George Mason Develops Wildfire Digital Twin That Forecasts Smoke Impact

George Mason University is developing a wildfire digital twin designed to simulate fire behavior in real time and forecast air pollution impacts during fast-moving incidents. The project, led by Professor Chaowei "Phil" Yang, partners with researchers from California State University-Los Angeles, NASA Jet Propulsion Laboratory, and the City of Los Angeles.

The digital twin combines data from satellites, UAVs, ground observations, and citizen reports to simulate wildfire progress and the effect of potential interventions. It draws in information on fuel sources, moisture, load, consumption, wind speeds, temperatures, and real-time fire sensors. Machine learning modeling calibrates data sets to improve accuracy.

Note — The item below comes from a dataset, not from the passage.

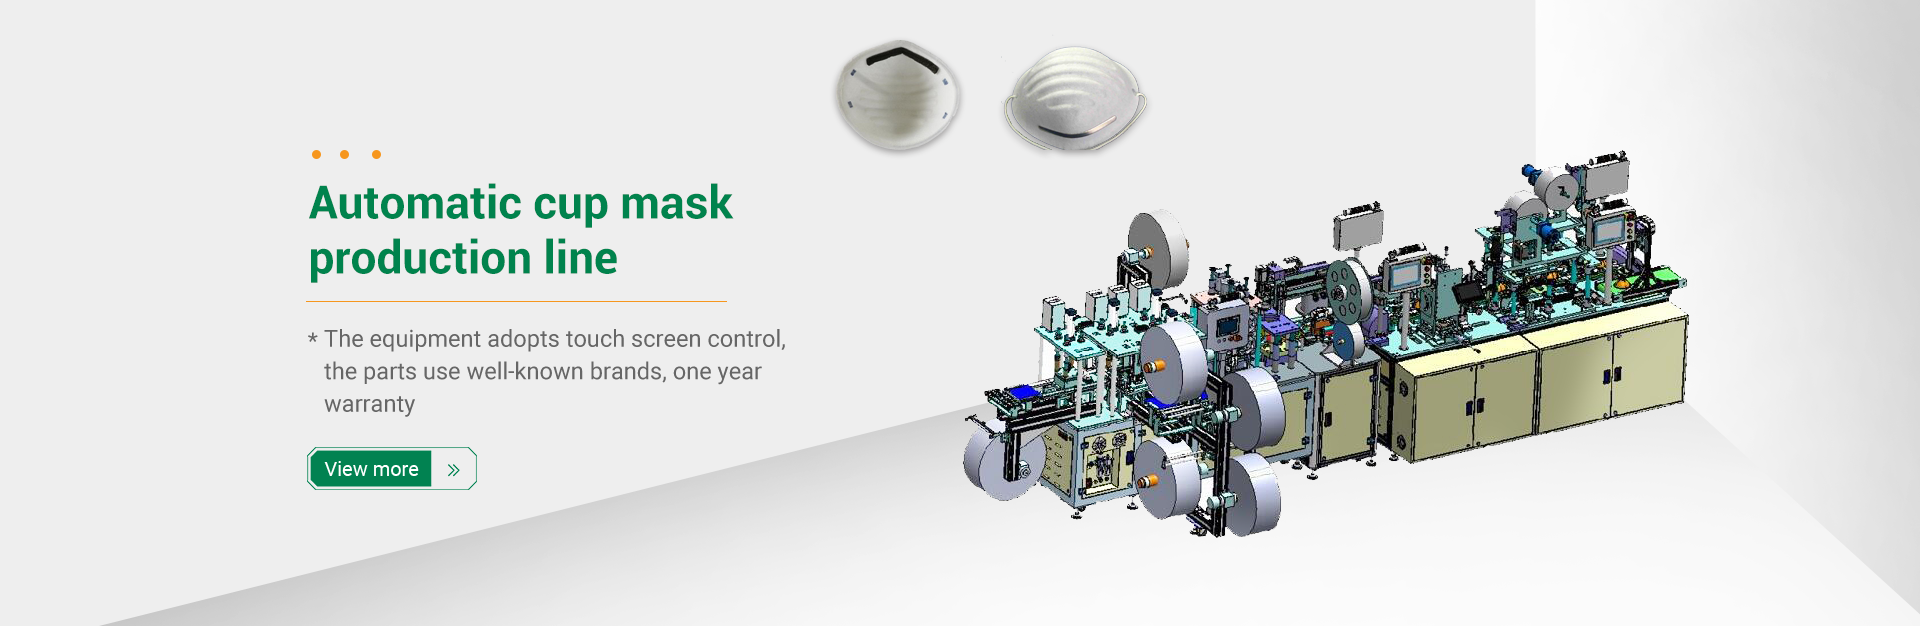 cup mask machine

Yang says the goal is "to develop an AI-based system that can provide real-time, high-resolution simulation and forecasting of wildfire behavior and model the resulting air pollution and air quality impacts for better informed public health responses." The system will provide firefighters and local agencies with a range of possibilities and confidence levels for fire movement, helping them make quick decisions about firefighter placement and evacuation priorities.

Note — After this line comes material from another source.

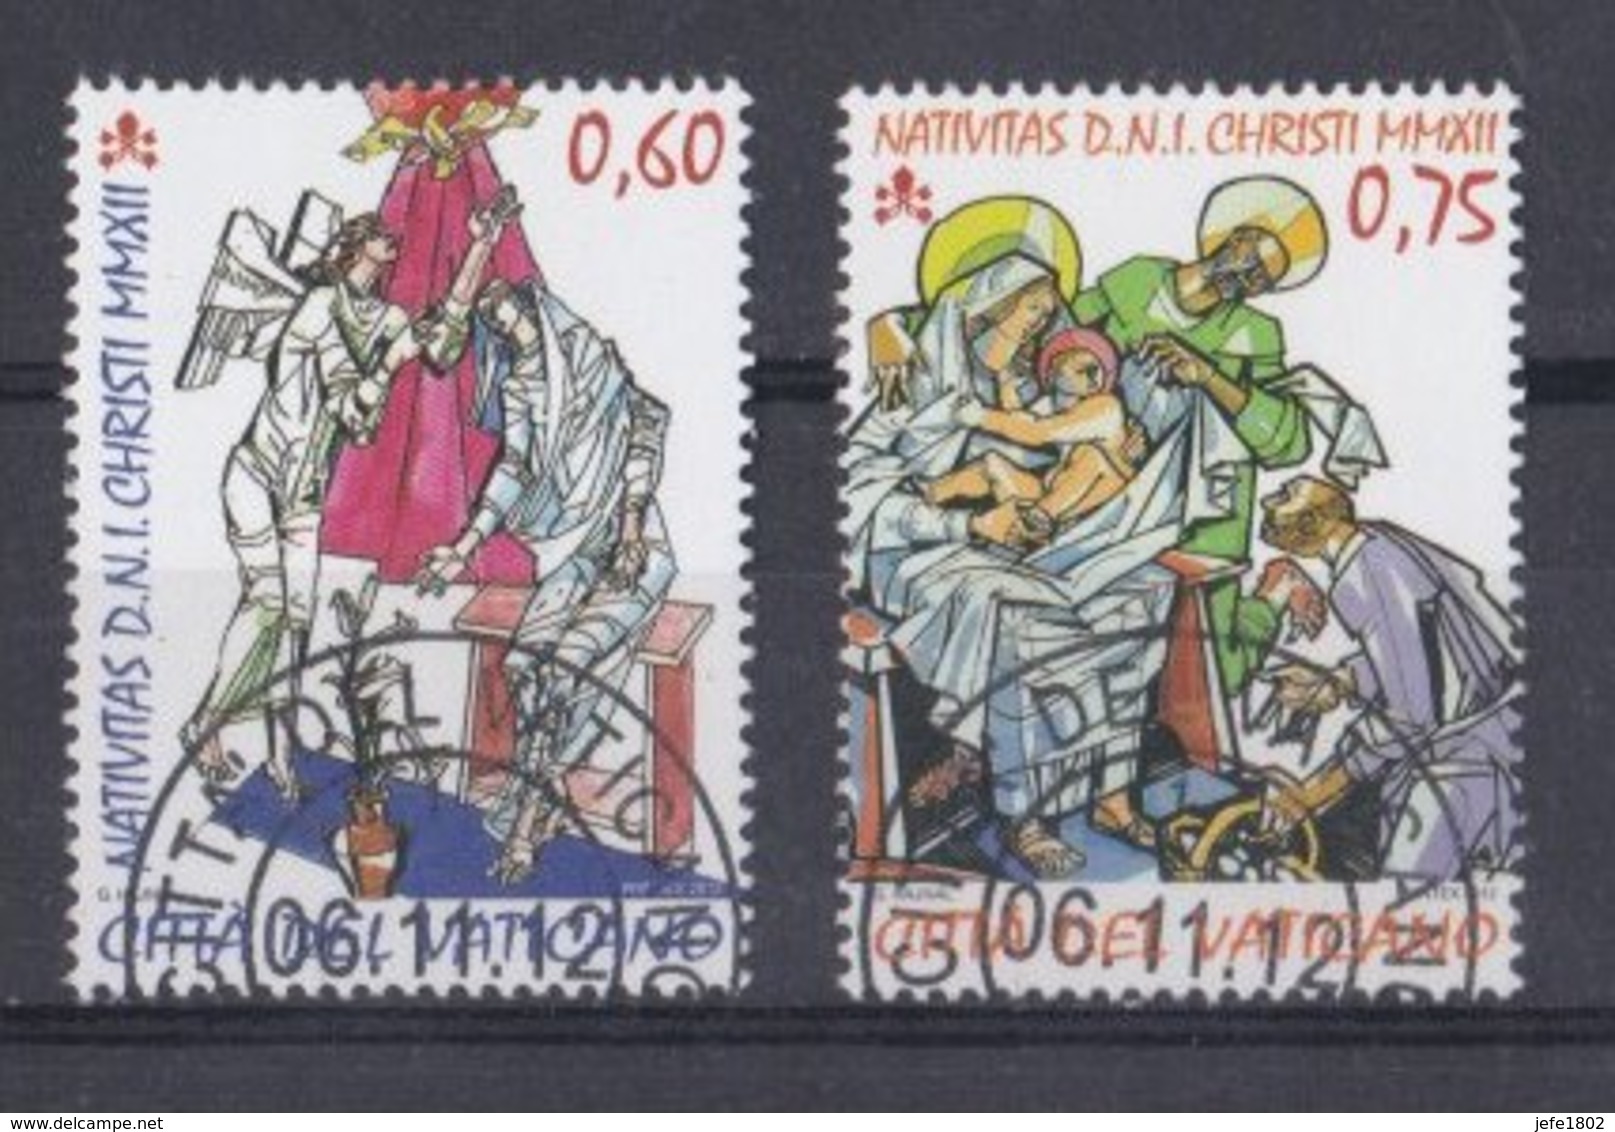 Citta Del Vaticano - Nativitas D.N.I. Christi MMXII - Used Stamps

The take: Smoke kills more people than flames do. A digital twin that forecasts both fire spread and air quality impact gives incident commanders the data to make smarter evacuation calls. That matters when you're deciding who needs to move first.

TOOL SPOTLIGHT

Traffic Signal Preemption

Traffic signal preemption has been around for decades, but the technology keeps getting better and departments that haven't revisited it are leaving time on the table. Modern GPS-based systems like Opticom from Miovision (formerly GTT) turn lights green as your apparatus approaches and red for cross traffic, without the old infrared line-of-sight limitations. Normal, Illinois is evaluating the latest generation and expects to cut 15-20 seconds off its 4:28 average response time. A community in Georgia that deployed the same technology shaved 40 seconds off average response and called the improvement "transformational."

Why revisit it now: The newer GPS systems are cheaper to install, work around curves and hills, and integrate with your CAD. Twenty seconds doesn't sound like much until you're the one waiting for the truck.